Look back to the 2008 financial crash: it was supposed to reveal the fundamental flaws in a global, neoliberal economic system and begin a debate about how to build an alternative. Books such as The Price of Inequality by Nobel prize winner Joseph Stiglitz were supposed to get us all thinking about how a postwar consensus had run its course. Stephen D King’s award-winning opus When the Money Runs Out: The End of Western Affluence appeared a year later, in 2013.

Like Stiglitz and so many other commentators, King, a former chief economist at HSBC, wrote and published his book during the post-crash period of high oil prices. Just like today, Brent crude above $100 a barrel was having a crippling effect on the global economy.

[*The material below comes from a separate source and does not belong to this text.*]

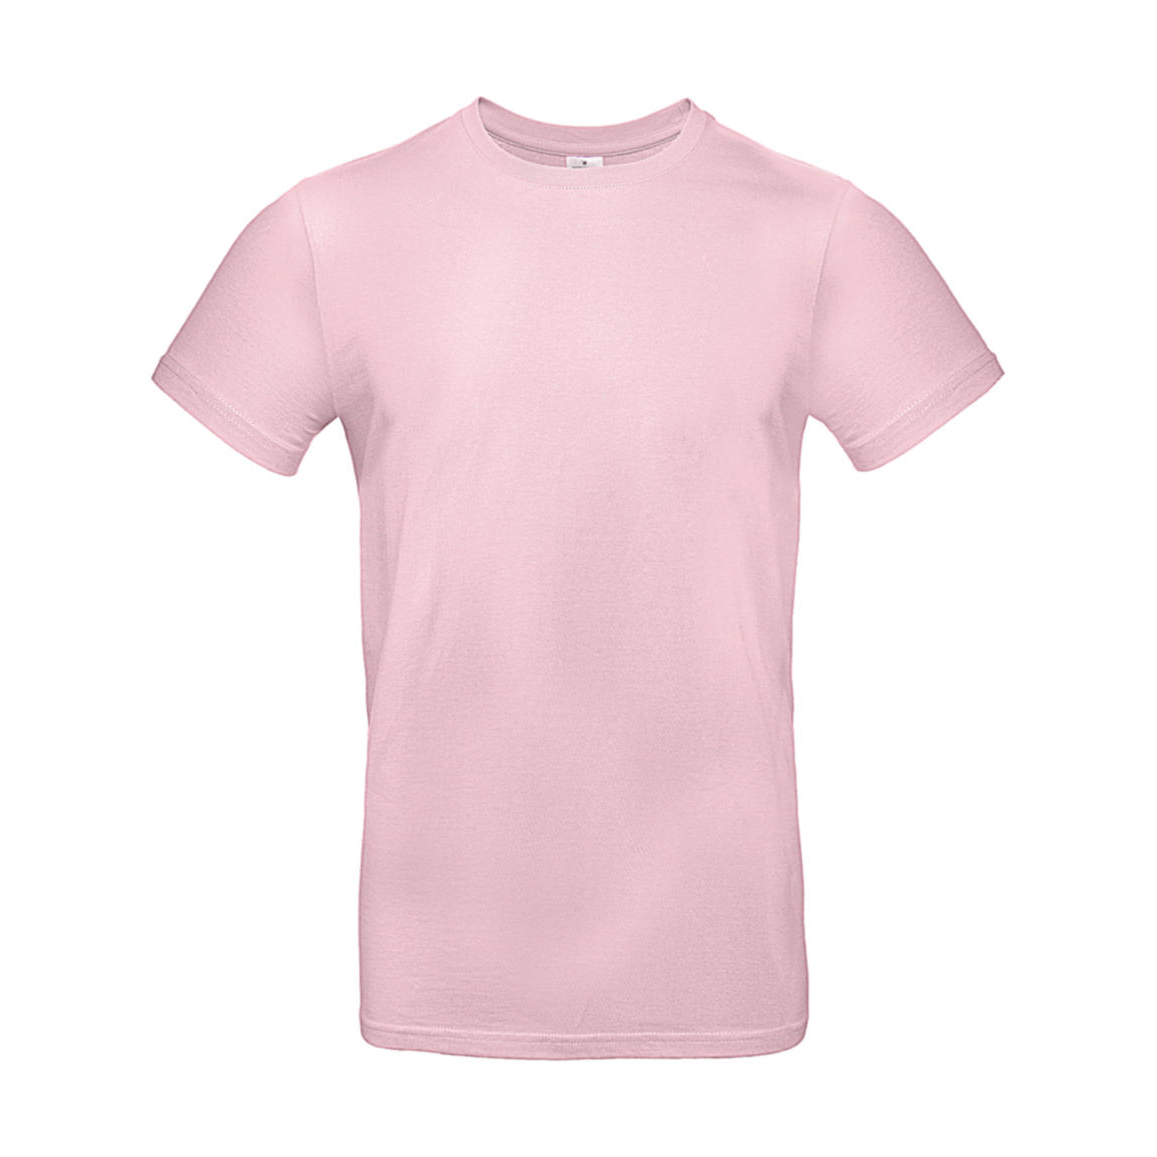 Triko pánské B&C E190 T-Shirt - světle růžové, 3XL

Alongside the pressing issue of inequality, there was talk about climate change and how high fuel prices would spur a switch to low-carbon energy, force manufacturers to cut their emissions and make obvious the benefits of insulating Britain’s homes against colder and hotter weather.

It didn’t take long for the Cassandras to be sidelined. By 2015, prices for oil and gas had dropped like a stone, along with those of most commodities. EU economies were still struggling with debts, but the majority of voters could shop for cheap clothes, cheap food and cheap flights to myriad destinations.

In the same year, David Cameron scrapped Ed Miliband’s strict housebuilding rules, allowing developers to build flashy estates with as much insulation as a wedding marquee. By 2019, diesel-guzzling SUVs accounted for more than a quarter of new cars sold in the UK and Ryanair had recorded four years of bumper profits.

Tens of millions of people were still affected by the aftermath of the crash. They were reluctant to change job for fear of losing what benefits they had accrued. Banks were more circumspect about giving out loans, excluding young people from taking out mortgages unless they had mum-and-dad cash. But they could kid themselves that their lives had returned to something like normal.

Truss appeals to voters, much as Boris Johnson did, with a confidence born of experience – that if we just wait a little longer, the usual terms of economic life will return.

After a brief downturn, runs this argument, the war in Ukraine will end, gas prices will decline along with other commodities and inflation will fall back to 2% or below.

Central banks, including the Bank of England, will cut interest rates back towards zero and we can carry on borrowing to purchase property or to buy the kitchen/patio/conservatory we have always dreamed of.

This optimism is a trap for Labour, which can only appear miserably austere in response.

If you believe the money is running out – and it is – then quite radical changes to the mix of tax and spending are needed.

Keir Starmer is already talking about shifting the tax burden on to the better paid to fund the long list of demands that always lie in wait for a Labour prime minister – higher spending on education, health, social services and international aid among them. Then there is the transport agenda at the heart of levelling up.

There was a time when much of this could be funded out of defence cuts. Yet even that is off the table in the current spending arms race.

Starmer is probably hoping, like Truss, that we will have reverted to the old laws of economics by the next election. That seems unlikely.